Transcribe audio files with OpenAI Whisper - supports single files and batch processing:

```python
from intellema_vdk import STTManager

async def transcribe() -> None:
    stt = STTManager()
    try:
        # Single file
        result = await stt.transcribe_audio("recording.wav")
        print(result["text"])
        
        # Batch process folder
        results = await stt.transcribe_audio(
            "recordings/",
            batch_process=True,
            output_file="transcripts.json"
        )
    finally:
        await stt.close()
```

**Detailed Documentation:** [docs/api/stt.md](docs/api/stt.md)

### Text-to-Speech (TTS)

Stream text to audio in real-time with support for multiple providers:

```python
from intellema_vdk import TTSStreamer

# Together AI (low latency)
tts = TTSStreamer(provider="together")

# OpenAI (high quality, 6 voices)
tts = TTSStreamer(
    provider="openai",
    voice="nova",      # alloy, echo, fable, onyx, nova, shimmer
    model="tts-1-hd"   # tts-1 or tts-1-hd
)

# Feed text as it's generated
for chunk in llm_stream:
    tts.feed(chunk)

tts.flush()  # Wait for completion
tts.close()
```

**Detailed Documentation:** [docs/api/tts.md](docs/api/tts.md)

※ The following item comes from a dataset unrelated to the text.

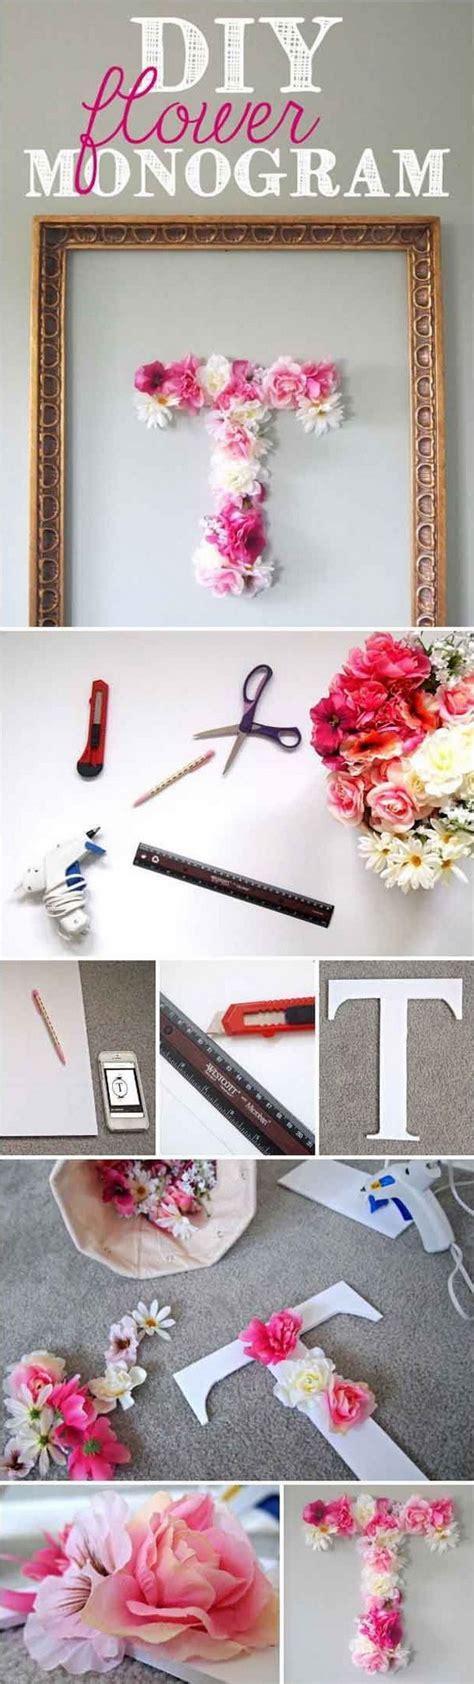 diy bedroom art ideas 25 diy ideas tutorials for teenage girl s room
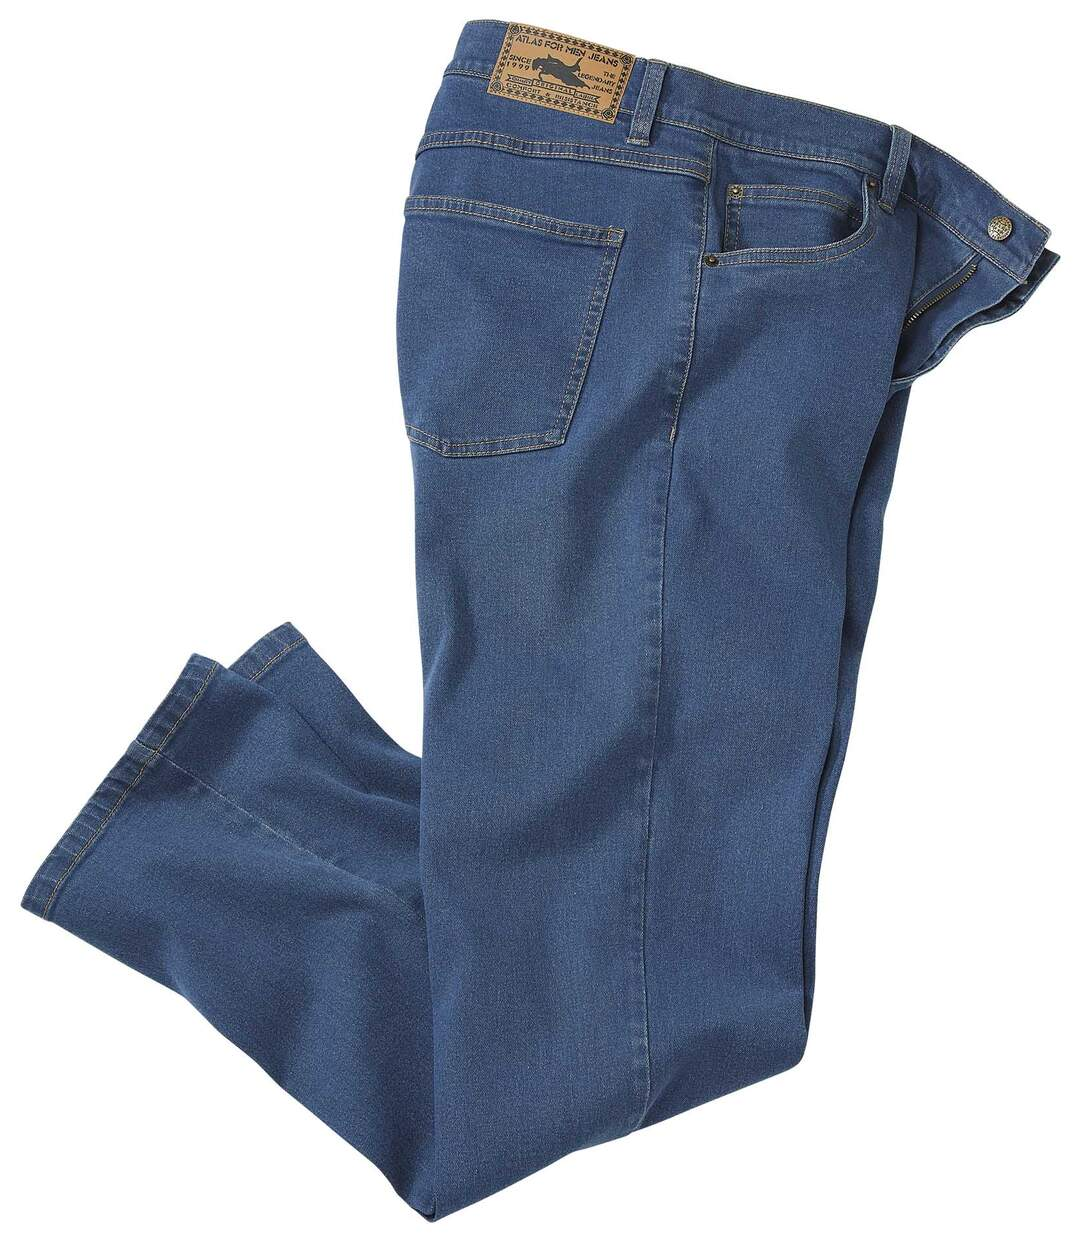 Jeans Stretch Comfort im Regular-Schnitt

**Sample Implementation:** Run the included chatbot demo:
```bash
python sample_implementation.py
```

## Advanced Usage

### Logging

Configure logging to see VDK internals:

```python
from intellema_vdk import setup_logging

setup_logging()  # INFO level by default
```

Custom configuration:

```python
import logging
setup_logging(
    log_level=logging.DEBUG,
    log_format="%(asctime)s - %(name)s - %(levelname)s - %(message)s"
)
```

### Recording Calls

```python
# LiveKit or Retell
recording_id: str = await client.start_recording(
    call_id=call_id,
    upload_to_s3=True,
    wait_for_completion=False
)
```

### Streaming to RTMP

```python
await client.start_stream(
    call_id=call_id,
    rtmp_urls=["rtmp://your-server.com/live/key"]
)
```

## Documentation

- **[Getting Started Guide](docs/guides/getting_started.md)** - Setup and first steps
- **[Configuration Guide](docs/guides/configuration.md)** - Environment variables
- **[Examples](docs/guides/examples.md)** - Common usage patterns
- **API Reference:**
  - [Voice Providers](docs/api/providers.md) - LiveKit & Retell
  - [STT](docs/api/stt.md) - Speech-to-Text
  - [TTS](docs/api/tts.md) - Text-to-Speech

## Important Notes

- **Retell `delete_room` Limitation**: Only works if the user speaks, triggering the agent to check the termination variable. For immediate hangup, use Twilio API directly.
- **Retell Recording**: Retell automatically records calls. The `start_recording` method retrieves the recording URL after the call ends (no need to explicitly start recording during the call). Ensure recording is enabled for your Retell agent in the dashboard.
- **Retell Audio Streaming**: Real-time audio streaming (`start_stream`) is **not supported** for Retell phone calls. Retell deprecated their Audio WebSocket API at the end of 2024. Use `start_recording()` to retrieve recordings after the call ends.
- **Type Safety**: All examples include type annotations for better IDE support.
- **Async Required**: All voice and STT operations are async; use `asyncio.run()`.

## License

See [LICENSE](LICENSE) file for details.